The next-generation vehicle is not just a car, but an approach to building vehicles focused on “affordability and desirability,” said Lars Moravi, Tesla’s vice president of vehicle engineering. It will be built in a new factory near Monterrey, Mexico, announced at an event on Wednesday, and will be Tesla’s sixth battery and electric vehicle factory. Executives say the next-gen car will have a 40 percent smaller manufacturing footprint and cut production costs by 50 percent.
Wall Street seemed to expect a little more detail. The company’s stock price was down 5 percent Thursday morning.
Gene Munster, managing partner at Deepwater Asset Management, said in a note to investors: “The highly anticipated Master Plan 3 theme has left me with more questions than answers.”
“Musk and company failed to put the cherry on top — a real vision of a low-cost Tesla, if only in concept,” Jessica Caldwell, executive director of insight at Edmunds, an auto industry research firm, said in an emailed comment.
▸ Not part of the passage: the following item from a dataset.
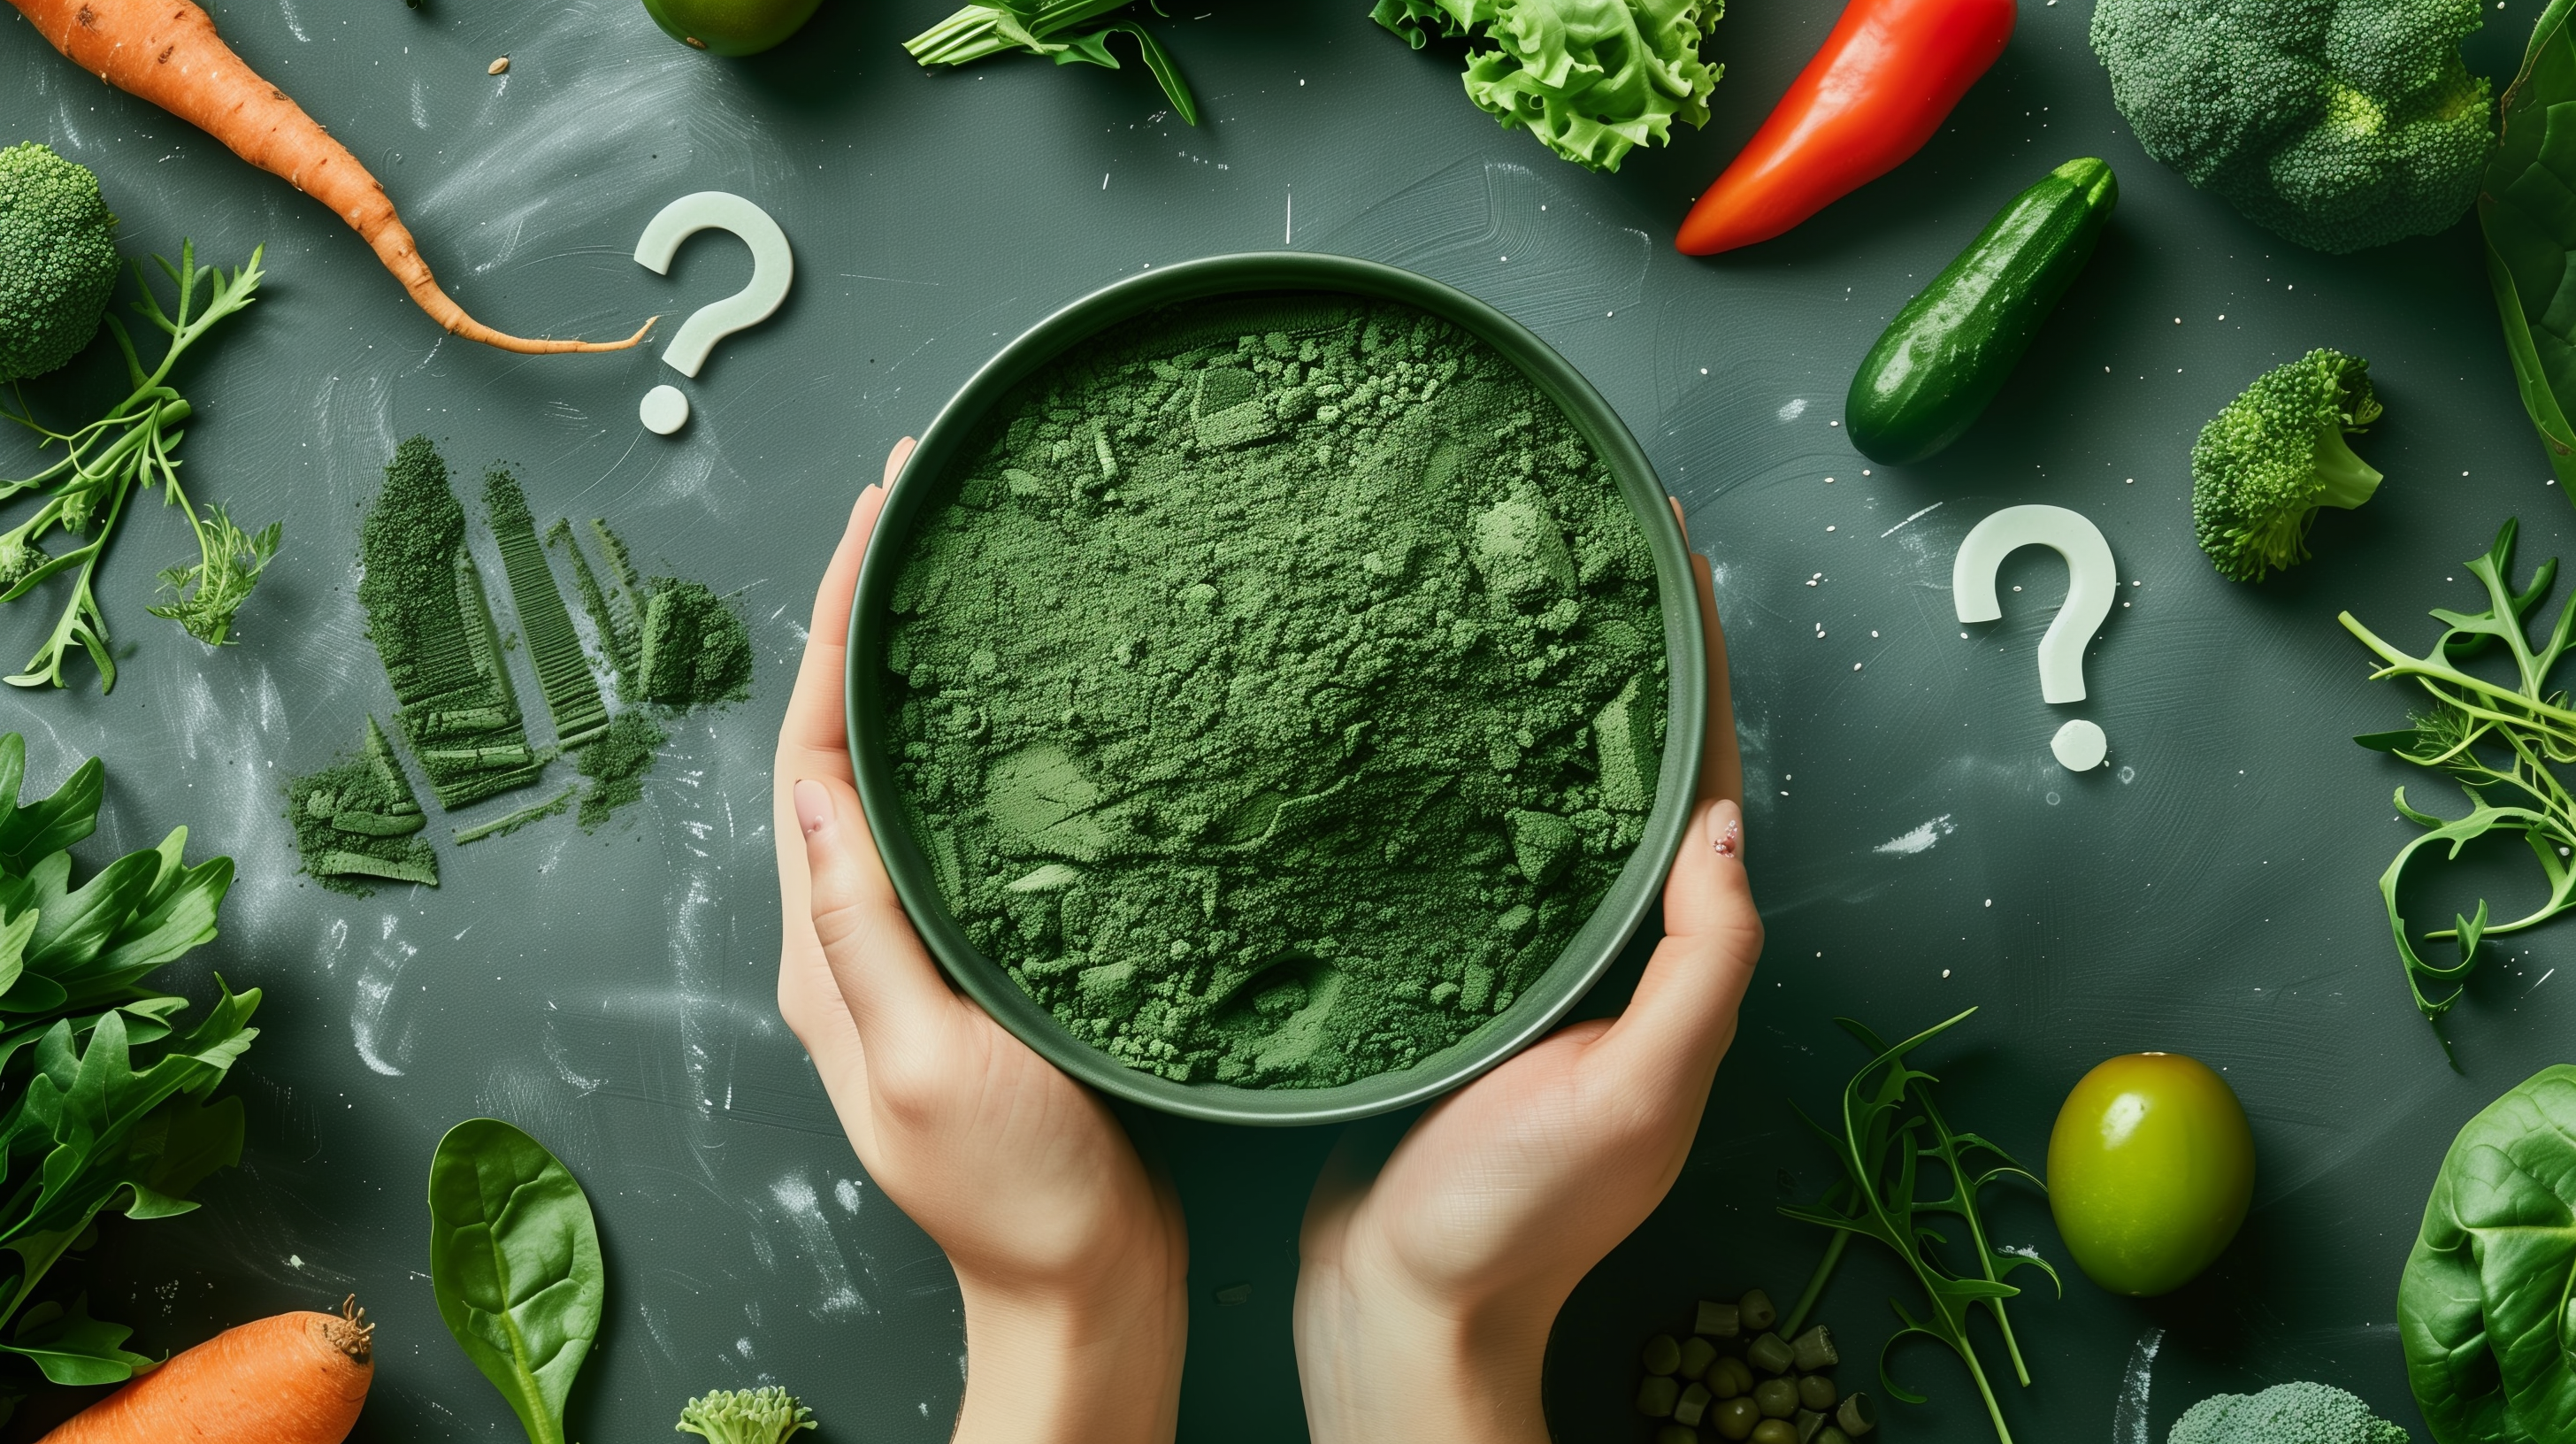 vibrant green powder container, with scattered vegetables and question marks around it

A truly affordable electric car has long been the company’s target. Tesla’s original master plan—published in 2006, before Musk became CEO—was simple, but at the time, radical: Build an electric sports car, and use that money to make cheaper and cheaper electric cars. The company claims its second electric sedan, the Model 3, will be battery-powered for the masses, but the car sold for just $35,000 during its launch. Its base model now sells for $43,000. Meanwhile, older automakers inspired by Tesla’s vision have stepped into the gap: the Chevrolet Bolt starts at $26,500 today, and the Nissan Leaf starts at $28,000.
In the year The second master plan, published in 2016, promised self-driving cars and shared robotaxis, and promoted the automaker’s (now struggling) solar panel business. The robots on the wheels haven’t been seen yet — though Wednesday’s events did feature a cameo from Optimus, the still-indestructible humanoid robot built by Tesla.
Musk doesn’t meet his own deadlines, but he always excels at motivating others with great speeches and sweeping visions. It now looks beyond cars to robots. “I want to be anyone who is an investor on Earth, not just the investors who own Tesla stock today,” he said.